Problem. The data that follows is to be copied exactly, with each image removed.

The data.
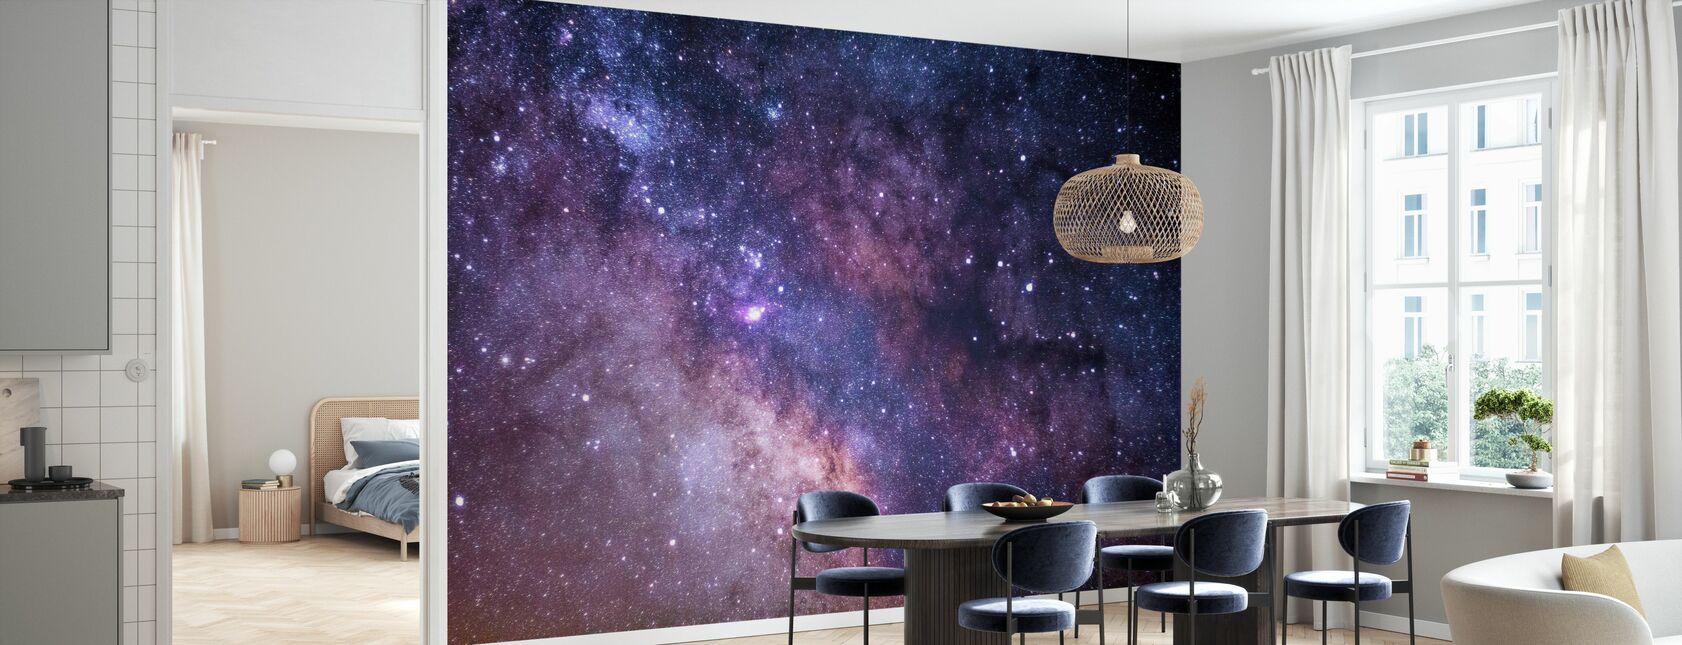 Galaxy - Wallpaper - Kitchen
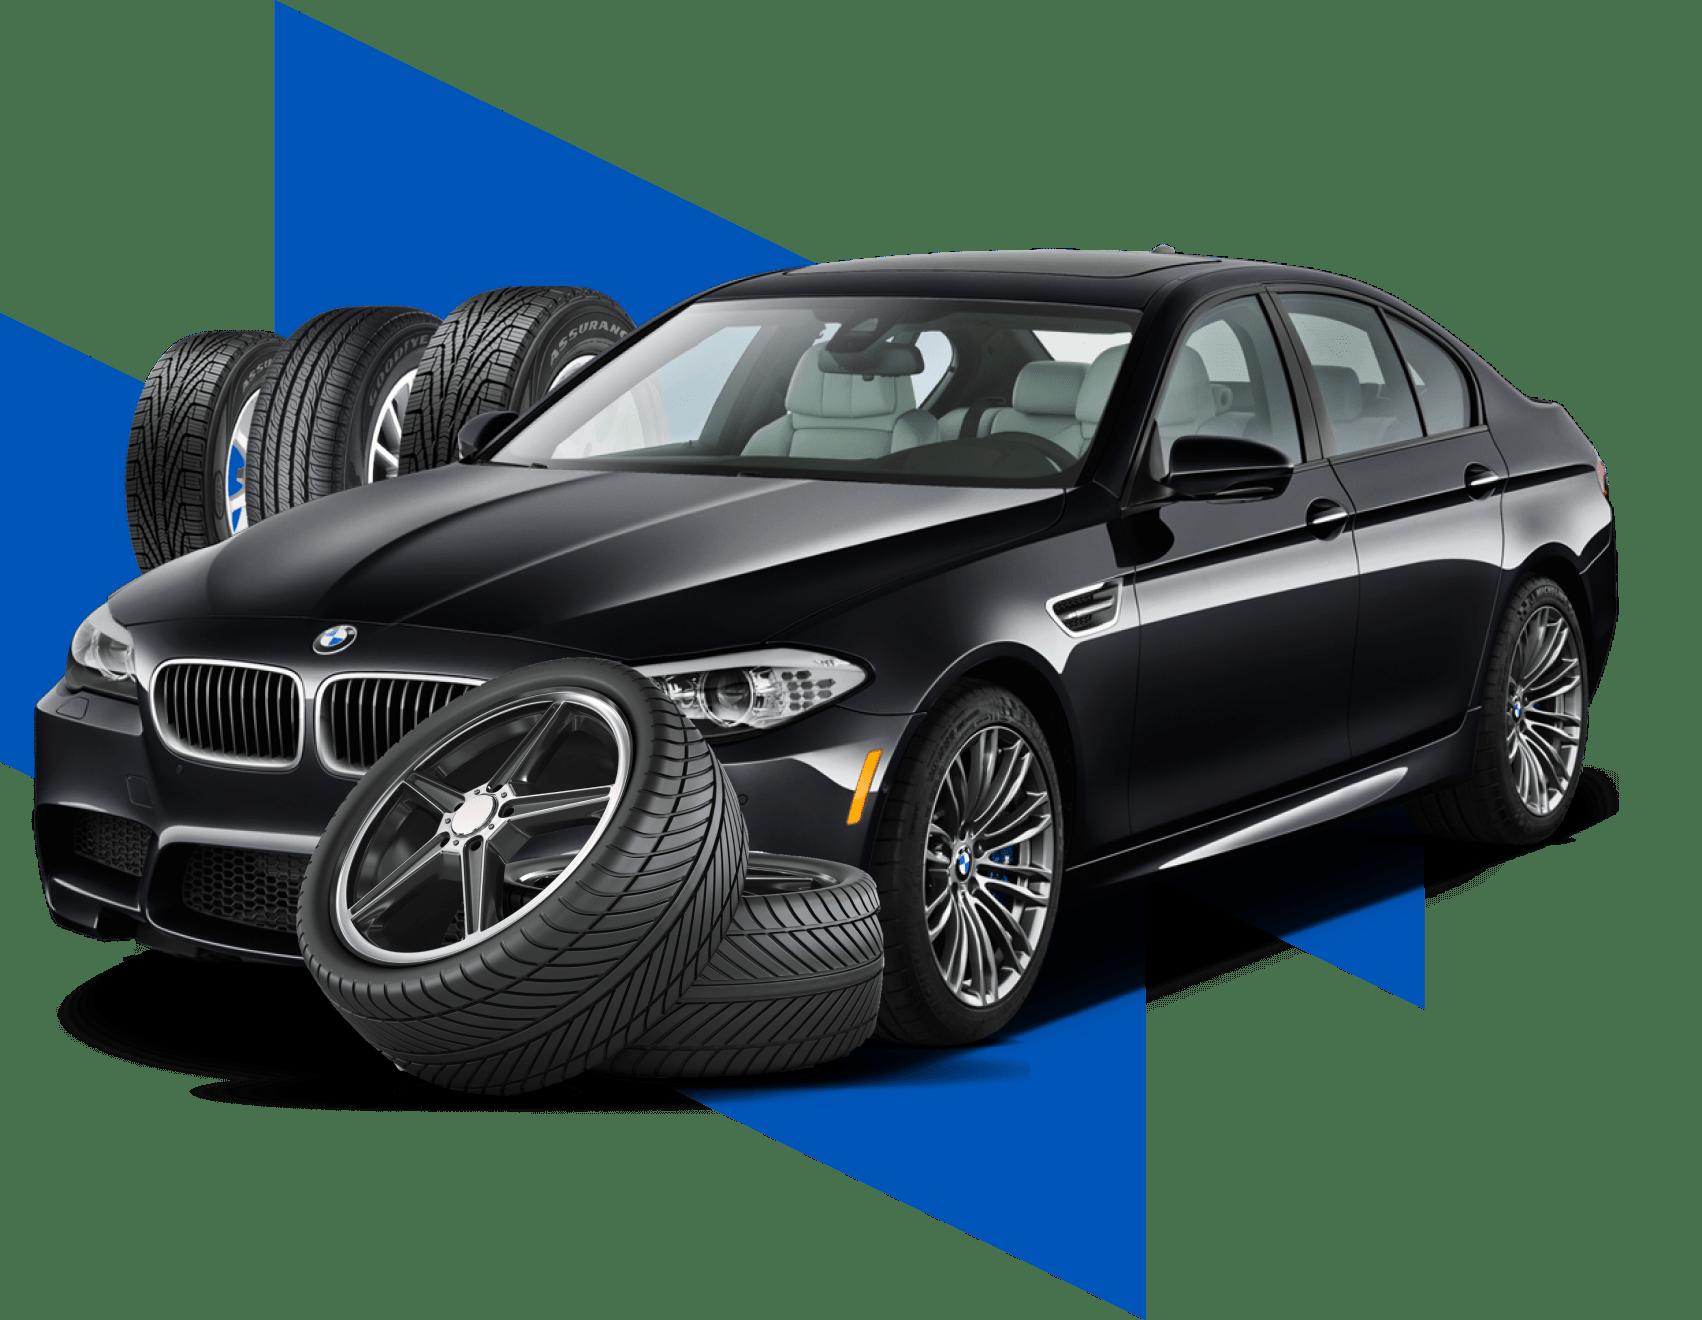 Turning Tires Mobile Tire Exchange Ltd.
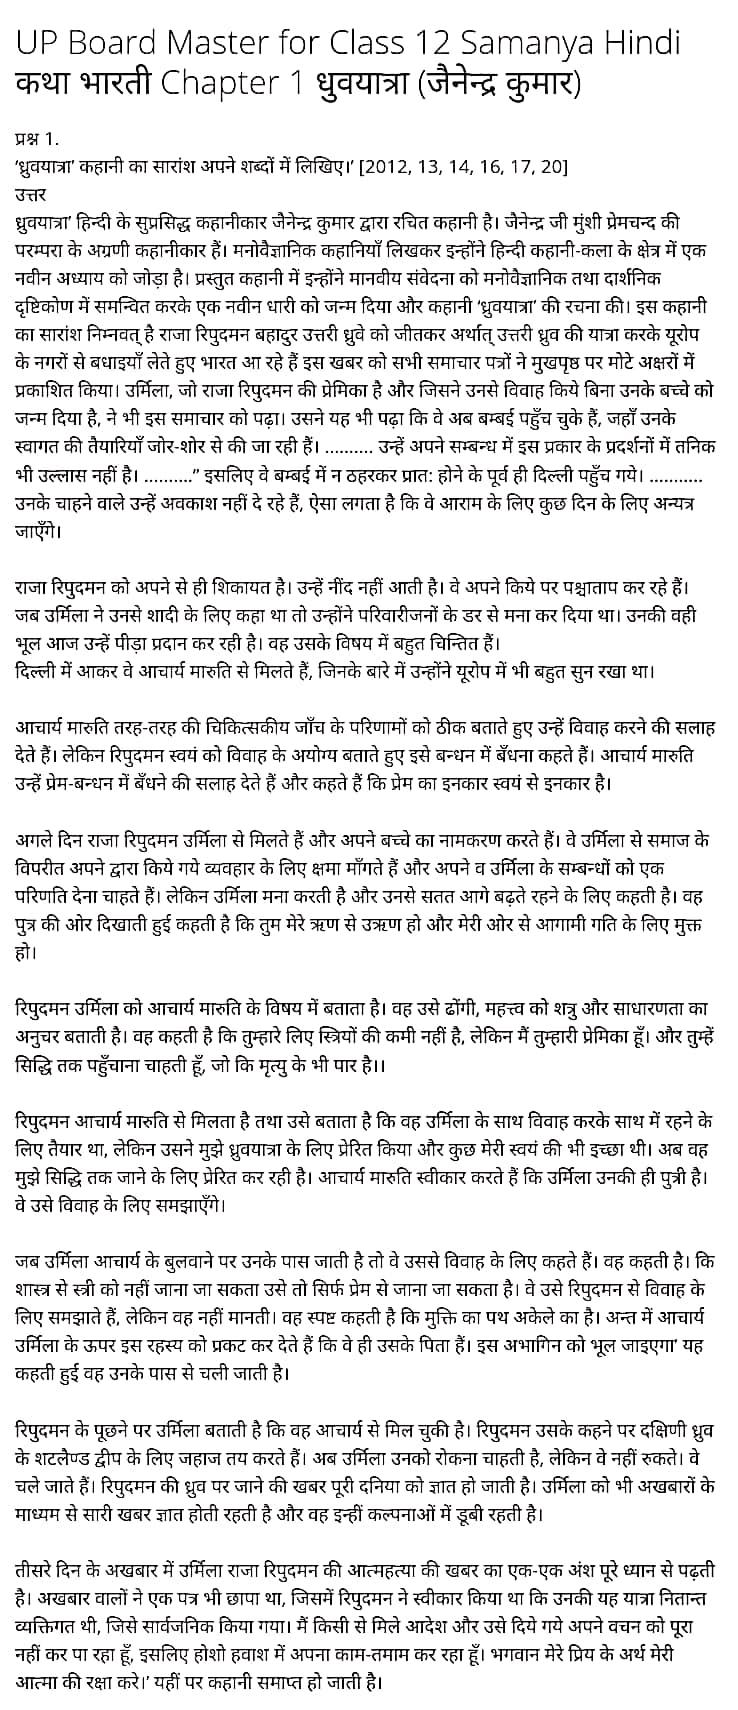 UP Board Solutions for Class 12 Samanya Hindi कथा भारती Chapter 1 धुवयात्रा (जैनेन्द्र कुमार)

Response to this exercise.
 Galaxy - Wallpaper - Kitchen
 Turning Tires Mobile Tire Exchange Ltd.
 UP Board Solutions for Class 12 Samanya Hindi कथा भारती Chapter 1 धुवयात्रा (जैनेन्द्र कुमार)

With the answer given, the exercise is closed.